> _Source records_
== Segment start ==

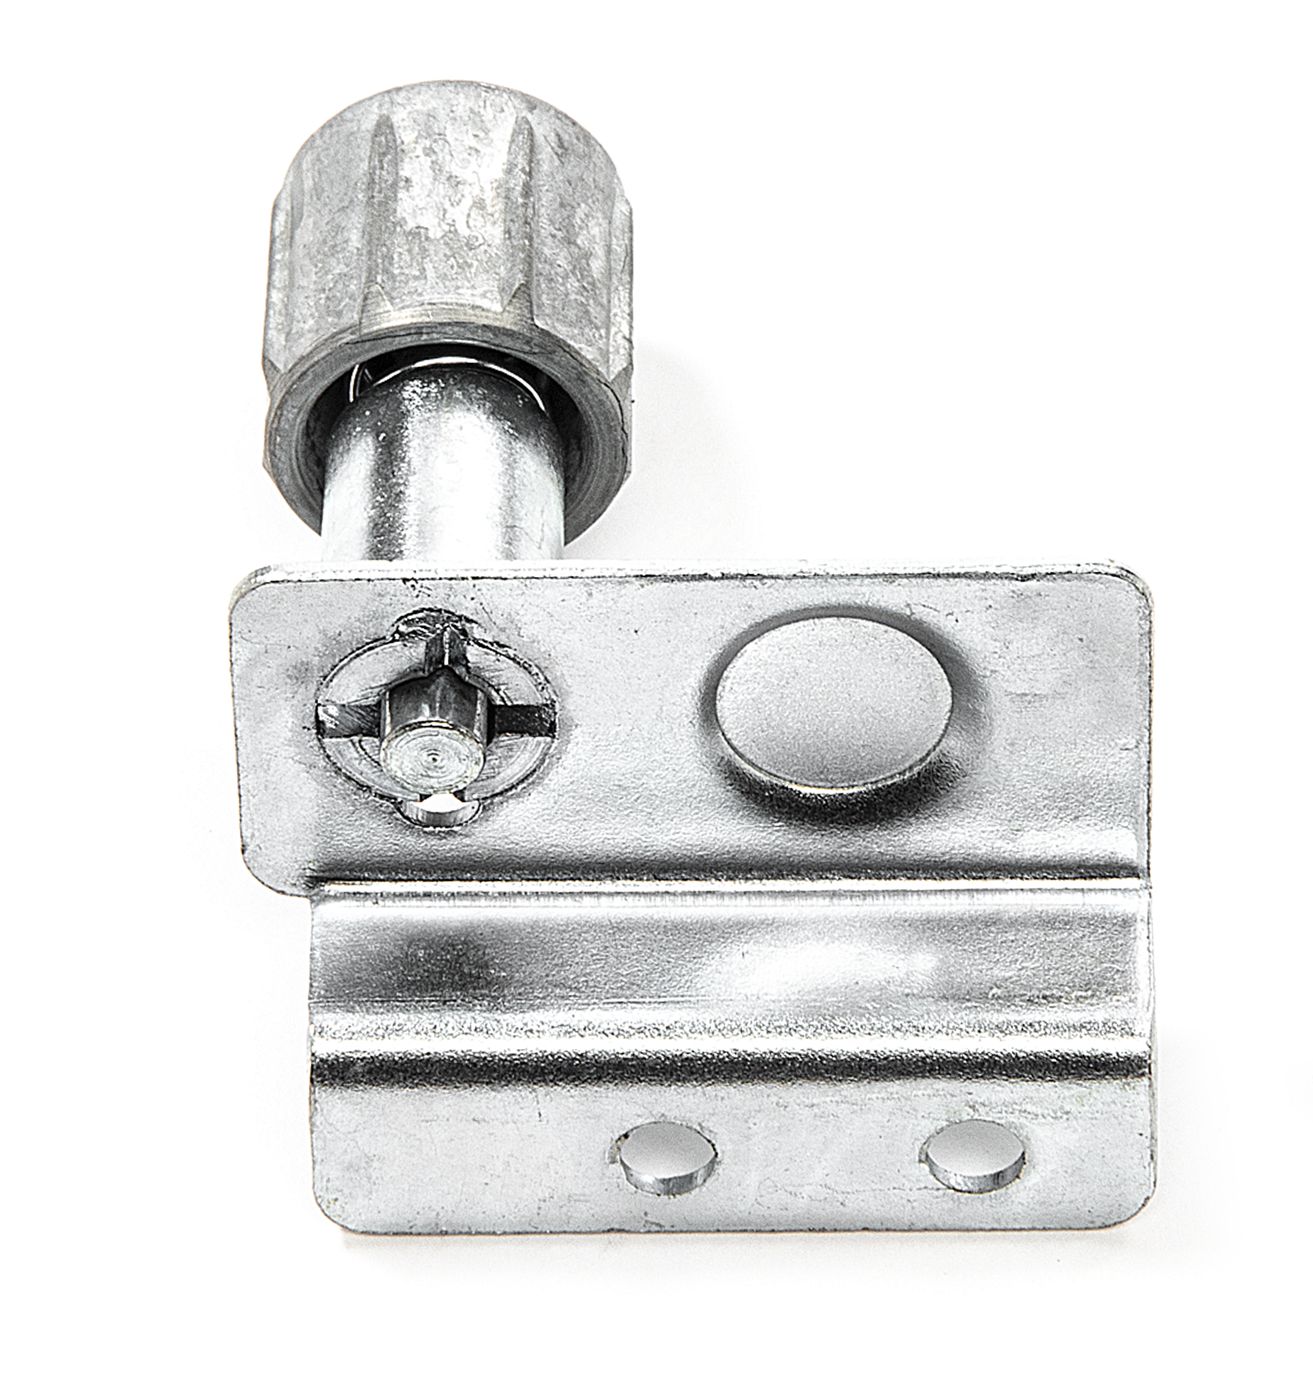 Türverriegelungs-Mechanismus
Door lock remote control
Mécanism
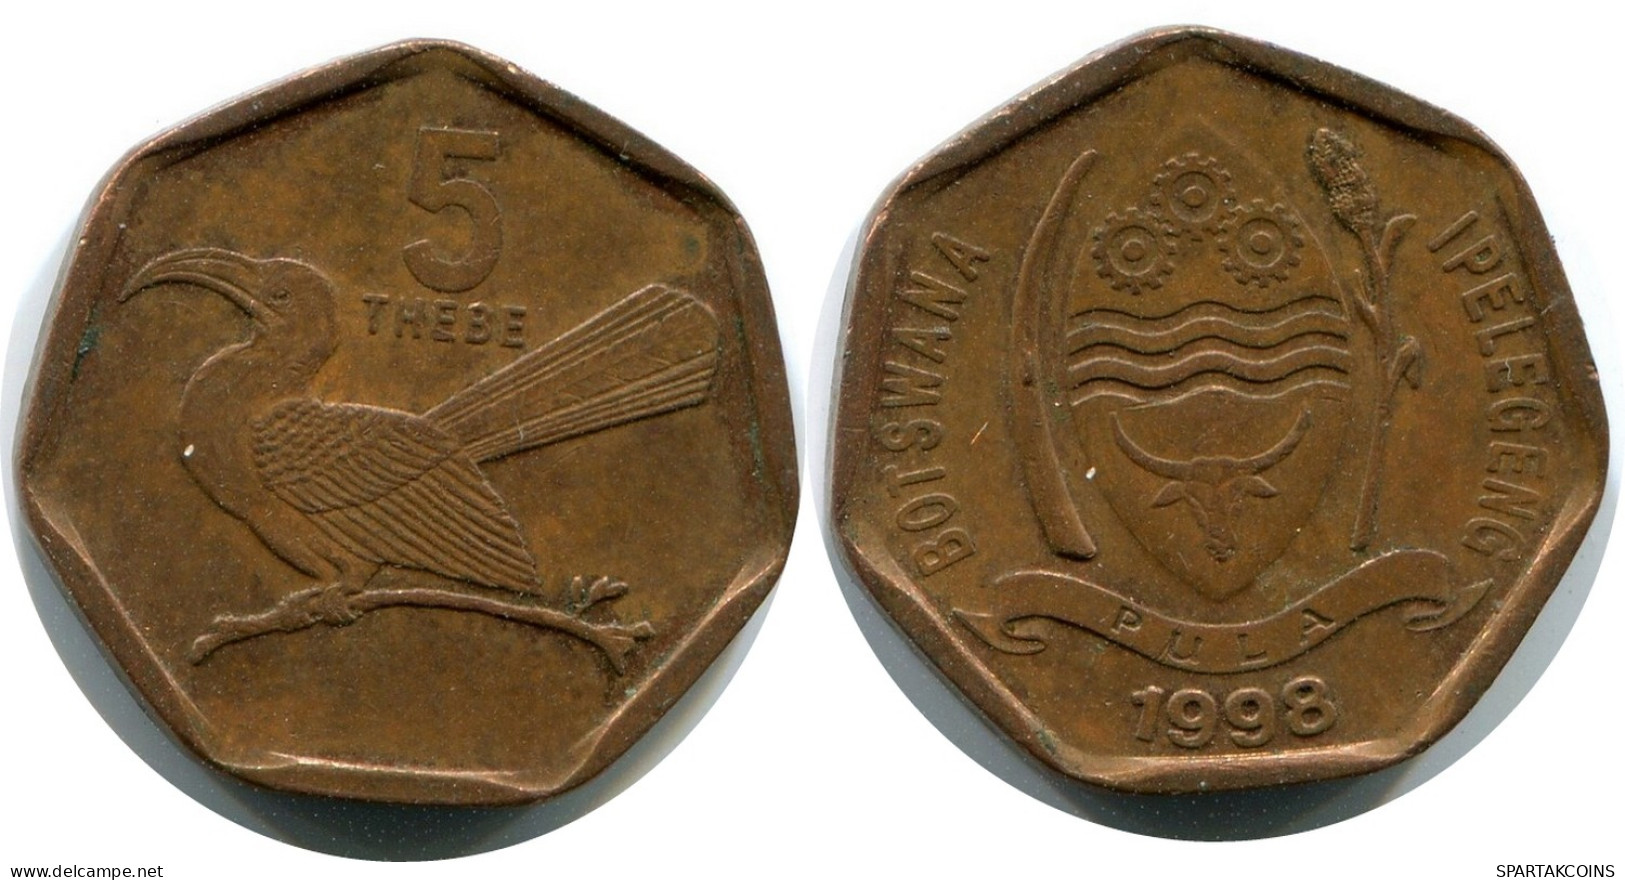 5 THEBE 1998 BOTSWANA Coin #AX377.U - Botswana
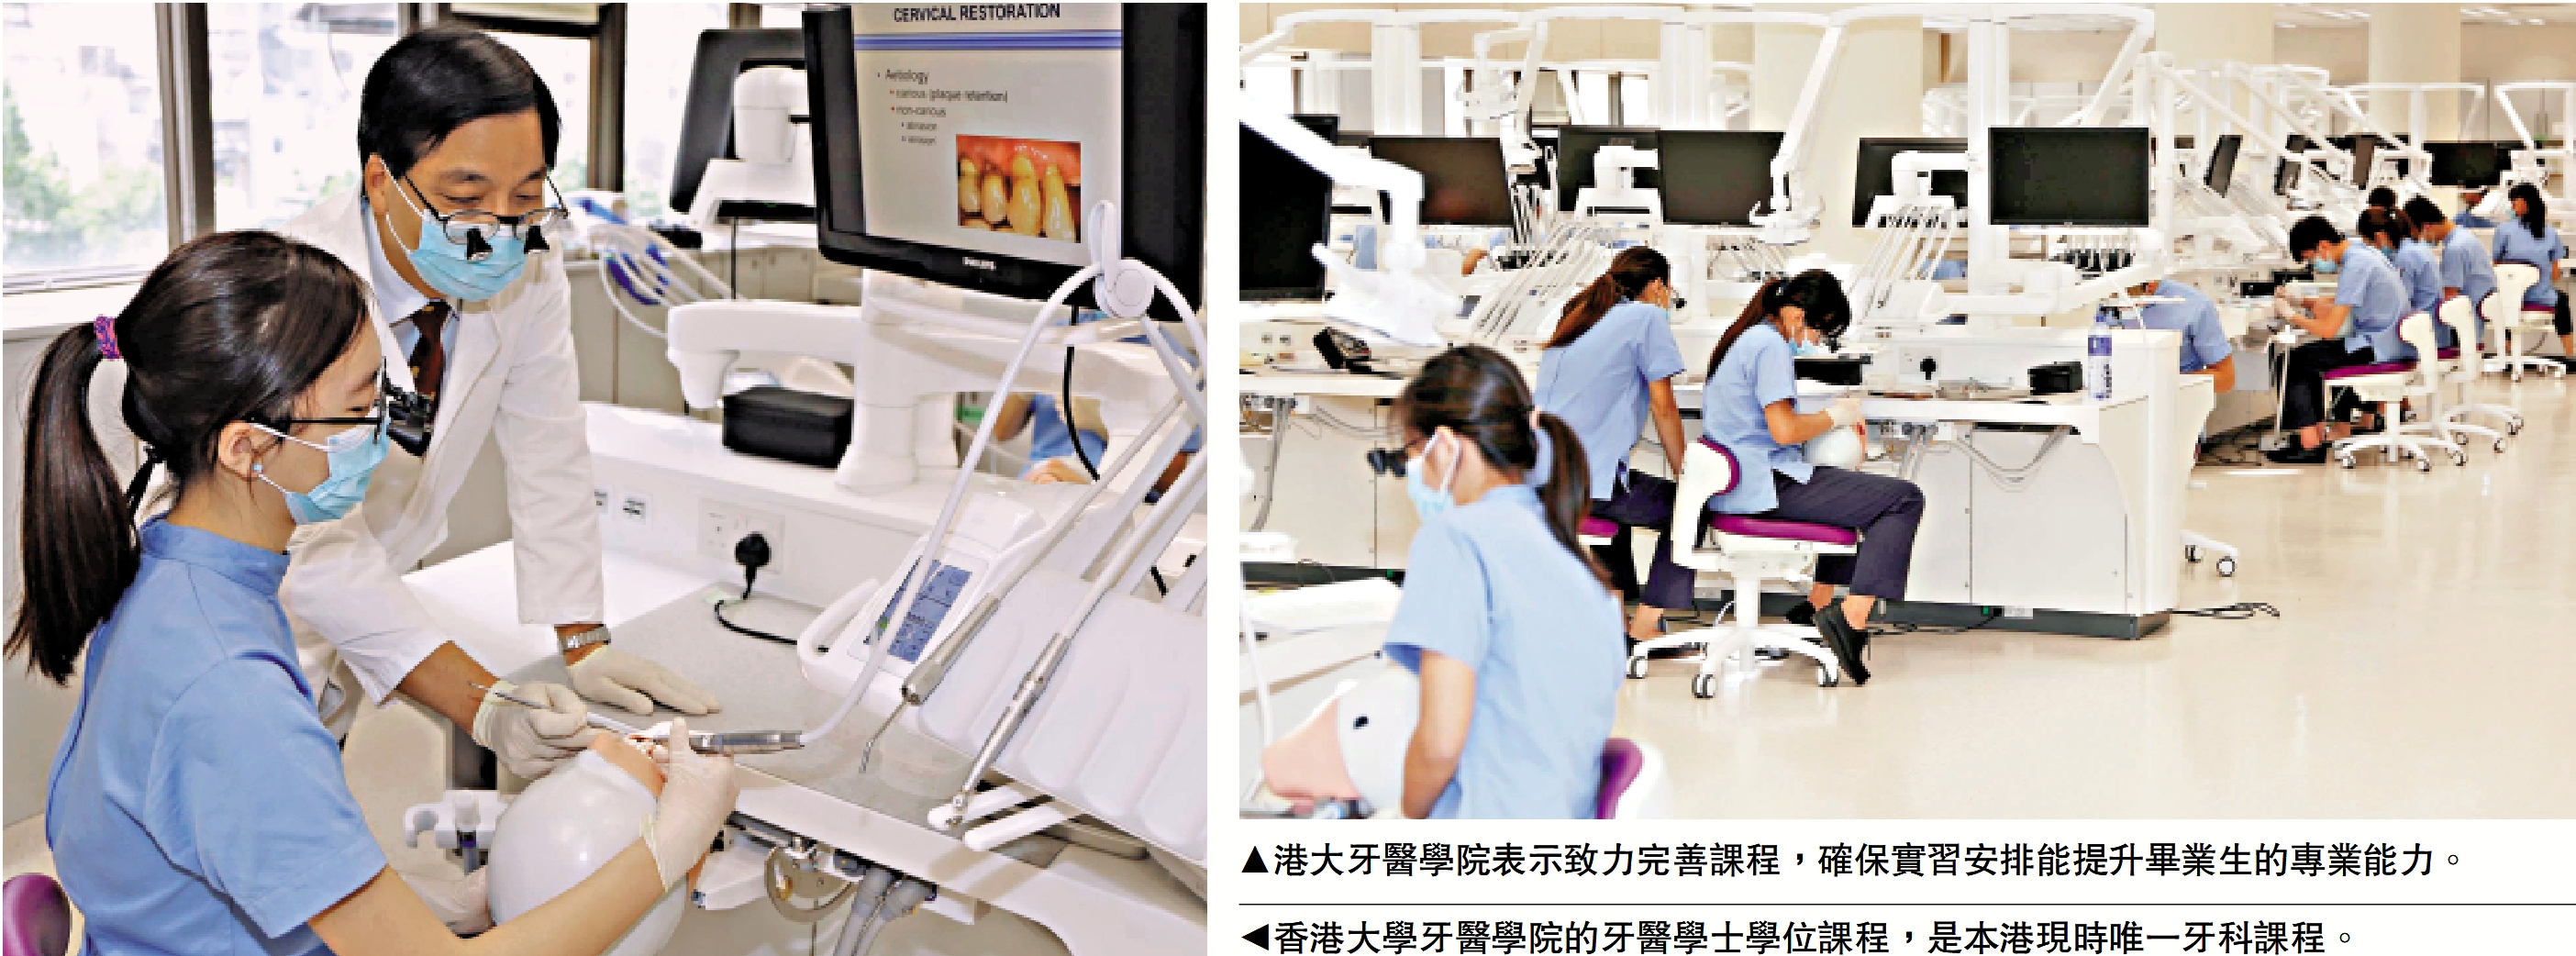 　　右圖：港大牙醫學院表示致力完善課程，確保實習安排能提升畢業生的專業能力。左圖：香港大學牙醫學院的牙醫學士學位課程，是本港現時唯一牙科課程。

== Segment end ==

> _Exercise goal_
Your task is to restate every record word for word. Omit all pictures.

> _Expected answer_
 Türverriegelungs-Mechanismus
Door lock remote control
Mécanism
 5 THEBE 1998 BOTSWANA Coin #AX377.U - Botswana
 　　右圖：港大牙醫學院表示致力完善課程，確保實習安排能提升畢業生的專業能力。左圖：香港大學牙醫學院的牙醫學士學位課程，是本港現時唯一牙科課程。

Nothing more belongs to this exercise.